Castraleucas, que significa Castelos brancos, era muito apreciada pelos fundadores, que lhe tinham buscado uma localisação magnifica. Mas, acerca desse nome prevalecem duvidas. Segundo versões de alguns arqueologos, ele seria Ceciliana, que tambem se atribue a Agualva."
(Excerto de Dados sobre a origem da vila - As dominações)
Índice:
Duas palavras de introito | Considerações de Júlio Dantas | Considerações de Eduardo de Noronha - Terra alentejana | Considerações de Amadeu de Freitas | Considerações de José Pedro Teixeira - Uma saudade | Subsidios para um estudo monografico: - Dados sobre a origem da vila : As dominações; - Da posse da Egreja á pertença real. Os forais; - Residencia real e teatro de grandes cerimoniais; - Da posse da Corôa á senhoria feudal. Os donatarios; - A produção agricola e pecuaria. O comercio e a industria; - Os edificios; - A situação e o clima; - Pela categoria de vila de primeira ordem!; | A industria tradicional da vila | Na Revolução de 5 de Outubro de 1910 |  Pelo mutualismo local | A Mulher | Indicações de utilidade local.
Exemplar brochado em bom estado de conservação.
Muito invulgar.
Com interesse histórico e regional.
30€

24 setembro, 2013

FREITAS, Amadeu de – O ALCOOL E O TABACO. Lisboa, Livraria Editora Guimarães, Libanio & C.ᵃ, [1902?]. In-8.º (8,5x17cm) de 78, [2] p. ; E. Collecção do Povo : Scientifica, Artistica, Industrial e Agricola, V
1.ᵃ edição.
Provecta monografia sobre os malefícios do alcool e do tabaco.
“Temos esperança e temos fé que o presente livrinho, escripto sob a indole e os auspicios sympathicos da Collecção do Povo irá levar ás massas populares, para as quaes elle quasi exclusivamente se destina, o álerta que n'esta hora clamam pelo mundo todos os homens de sciencia, os philantropos, os pensadores, as almas generosas, de boa e honrada vontade, contra o flagello assustador do alcoolismo, e, tambem contra esse'outro flagello, se bem que, felizmente, menos perigoso, do tabagismo.

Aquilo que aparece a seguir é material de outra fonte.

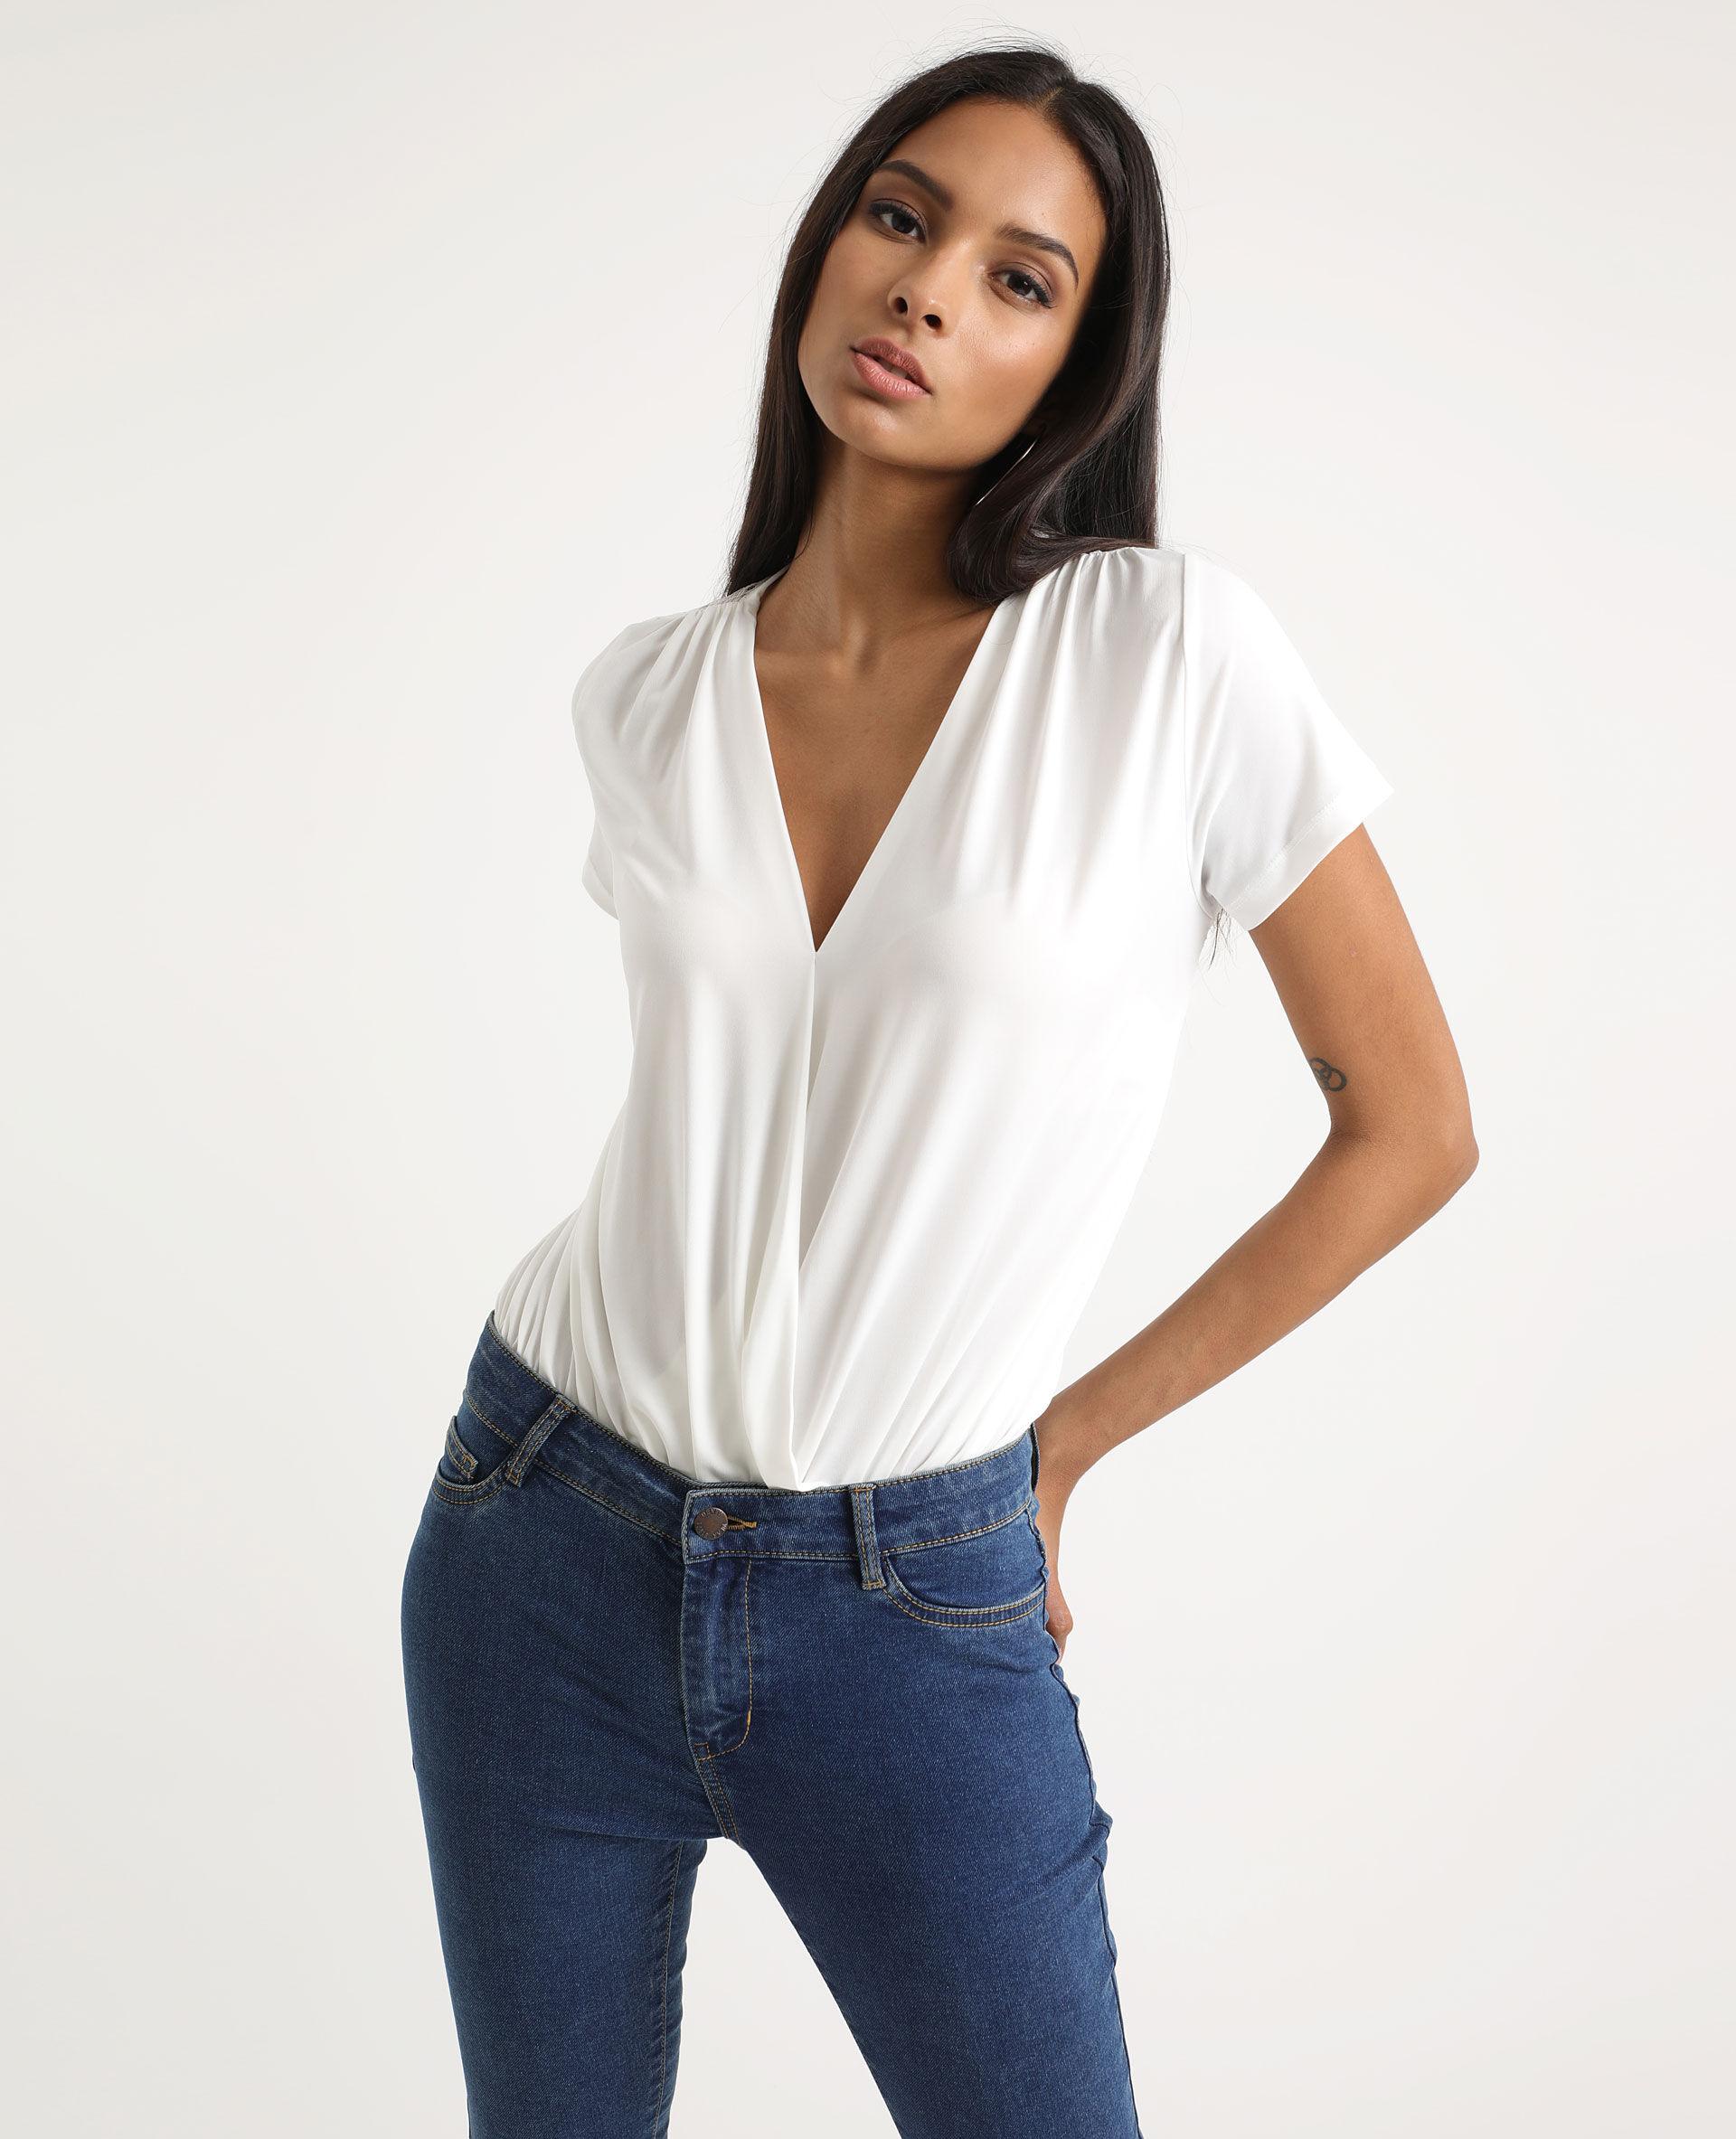 Body à manches courtes Femme - Couleur blanc cassé - Taille XS - PIMKIE - MODE FEMME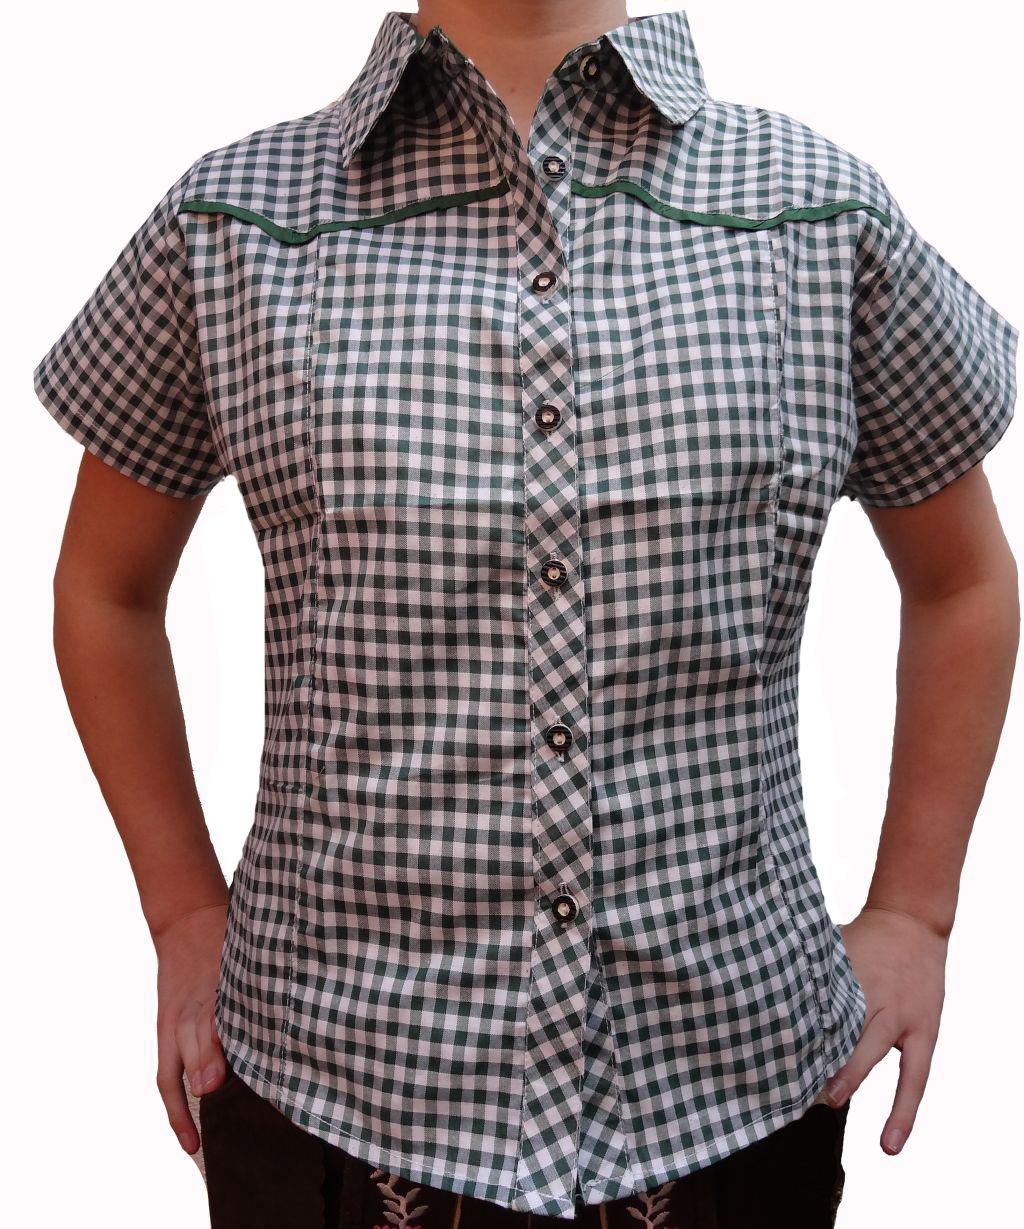 Damen Trachtenbluse Trachten Hemd Dirndl Lederhose grün-weiss 36 38 40 42 44

O alcoolismo contribue com cincoenta por cento de desgraça, de miseria, de tragedia, de depressão moral, para a lucta immensa e immensamente malfadada, dolorosa, que contorce, exhausta, hysterisa, e estrangula n'uma golilha d'asphyxiadora ancia, quasi todos os homens. O alcool, com o sonhar que d'elle vém, o esquecimento da dôr e do soffrimento, é, em geral, o arrimo de milhares de desventurados, afflictos de coração, derrotados e succumbidos pelo desmoronar d'um ideial aquietante e terno, e o abysmo mysterioso e tragico onde outros tantos milhares de mizeraveis procuram afogar a sua fome e o seu frio, e a fome e o frio de suas mulheres e de seus filhinhos."
(excerto da introdução)
Encadernação cartonada do editor em tom acobreado, com letras e desenhos a negro.
Exemplar em bom estado de conservação.
Raro.
Sem indicação de registo na BNP (Biblioteca Nacional).